SpiceJet: Maintain the “maintain” with a target price of Rs 85



SJet has approved fundraising of up to Rs 25 billion by issuing eligible securities to qualified institutional buyers. If this involves new equity, the shareholding of the current promoter will increase from 60% to 40%.

SpiceJet (SJet) announced a loss of Rs 12.5 billion in fiscal year 21 (excluding forex), in accordance with expectations. The balance sheet position is weak with negative equity of Rs 26 billion and a gross loan without rental commitment of Rs 44 billion at the end of fiscal year 21. We now estimate revenues at Rs 73.6 billion / Rs 136 billion and the PAT at Rs (-) 8.9 billion / + 4.7 billion for FY22E / FY23E. We value SJet at Rs 85 (15x FY23E profits adjusted for a 25% tax rate as it pays no tax, which translates to a multiple of 11x).
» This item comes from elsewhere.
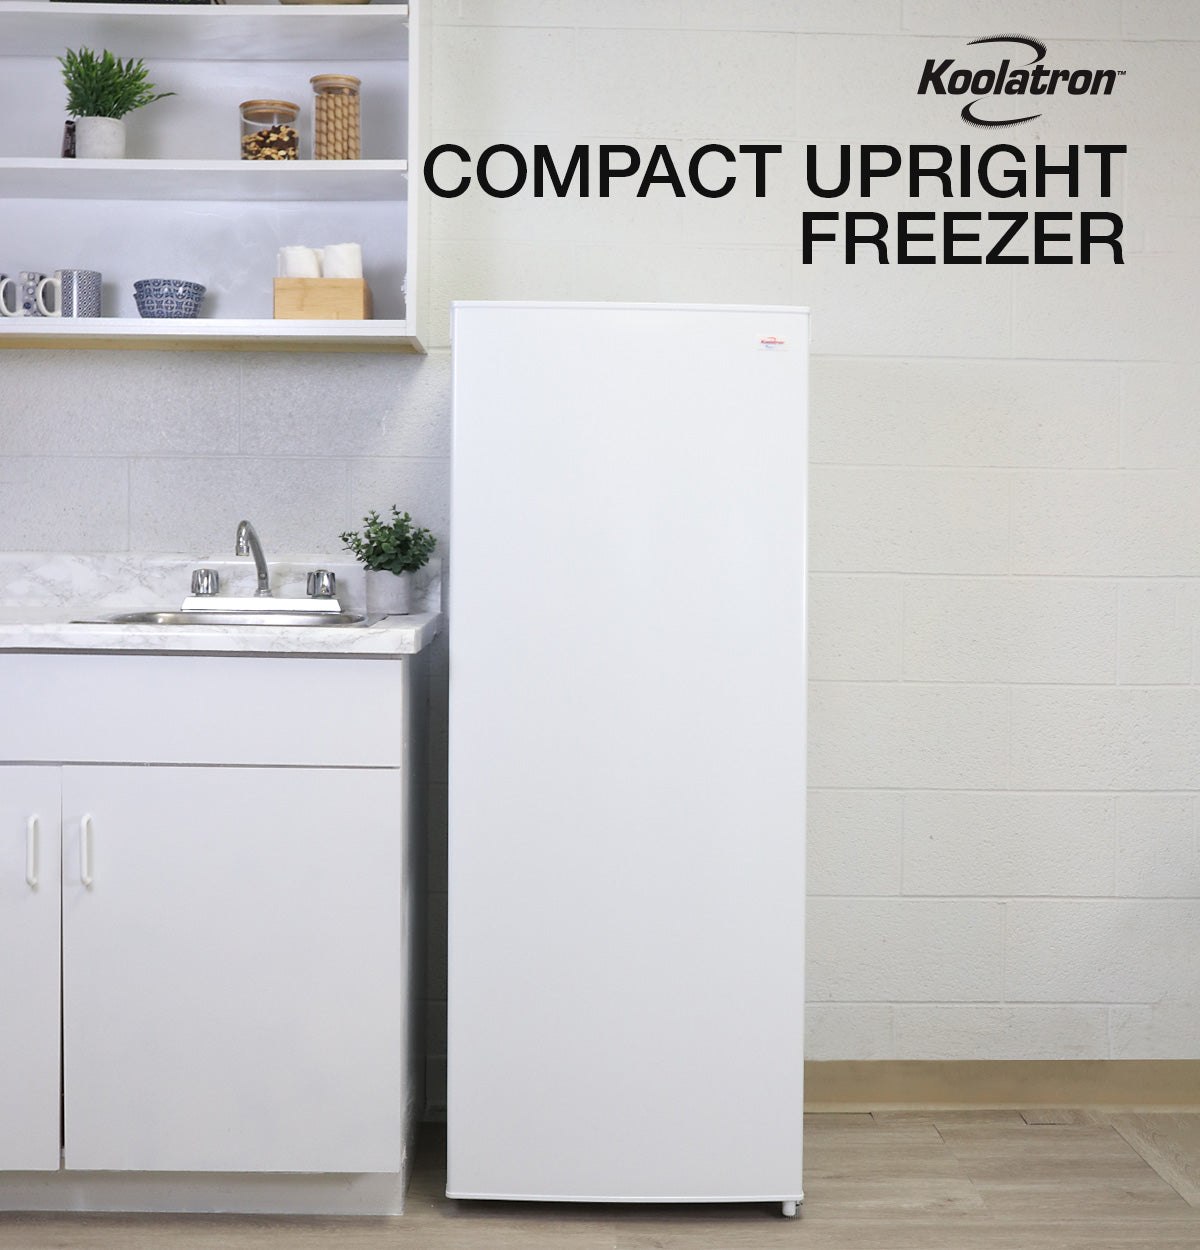 Lifestyle image of upright freezer beside a white kitchen cabinet with white marble countertop. Text above reads "Koolatron compact upright freezer"

Recapitalization remains the key. Hold “hold” on the action and the target price of Rs 85.

FY21 performance – gross liabilities reduced during FY21 (cash consumption is lower than IndiGo): Ex-forex, SJet’s losses were Rs 12.5 billion at FY21 (~ Rs 58 billion for IndiGo). Other income continued to include compensation from Boeing at a quarterly execution rate of Rs 1.4 billion – in addition to Rs 1.2 billion in FY21 from leasing concessions.

Freight becomes the main narrative as it is slated to be separated: SJet’s freight revenue grew 518% year-on-year to Rs 11.2 billion in FY21 (US $ 4.17 billion). rupees in the fourth quarter of fiscal year 21). The net freight profit was Rs 1.3 billion for FY21 against a loss of Rs 1.34 billion for FY20. The company operates a fleet of 20 freighters including eight large carriers.

The freight initiative is commendable, but the freight momentum may slow with the return of belly space. Driven by freight business, SJet’s ancillary revenue fell from Rs 13 billion in FY20 to Rs 19.5 billion (estimate) in FY 21 despite a 58% drop in ASK.

SJet has approved fundraising of up to Rs 25 billion by issuing eligible securities to qualified institutional buyers. If this involves new equity, the shareholding of the current promoter will increase from 60% to 40%.

SJet has a competitive cost structure, but the balance sheet remains a surplus: SJet’s cost per ASK (CASK), with depreciation and interest charges, is competitive (average Rs 3.92 between FY16-FY20 and Rs 6.2 in FY21) against Rs 3.42 / 4.84 for IndiGo in a similar comparison. SJet’s RASK was better than IndiGo by an average of 9% in FY16-FY20 and 35% higher in FY21 due to better PLFs. However, the record remains a big overhang for SJet.

The risks include: 1) rising crude prices; 2) covid-related disruptions or delayed resumption of traffic; 3) delay or less than expected of compensation from Boeing (SJet has accrued Rs11bn to date); 4) possible outflows of funds in ongoing litigation and renegotiations with suppliers; and 5) delay in recapitalization.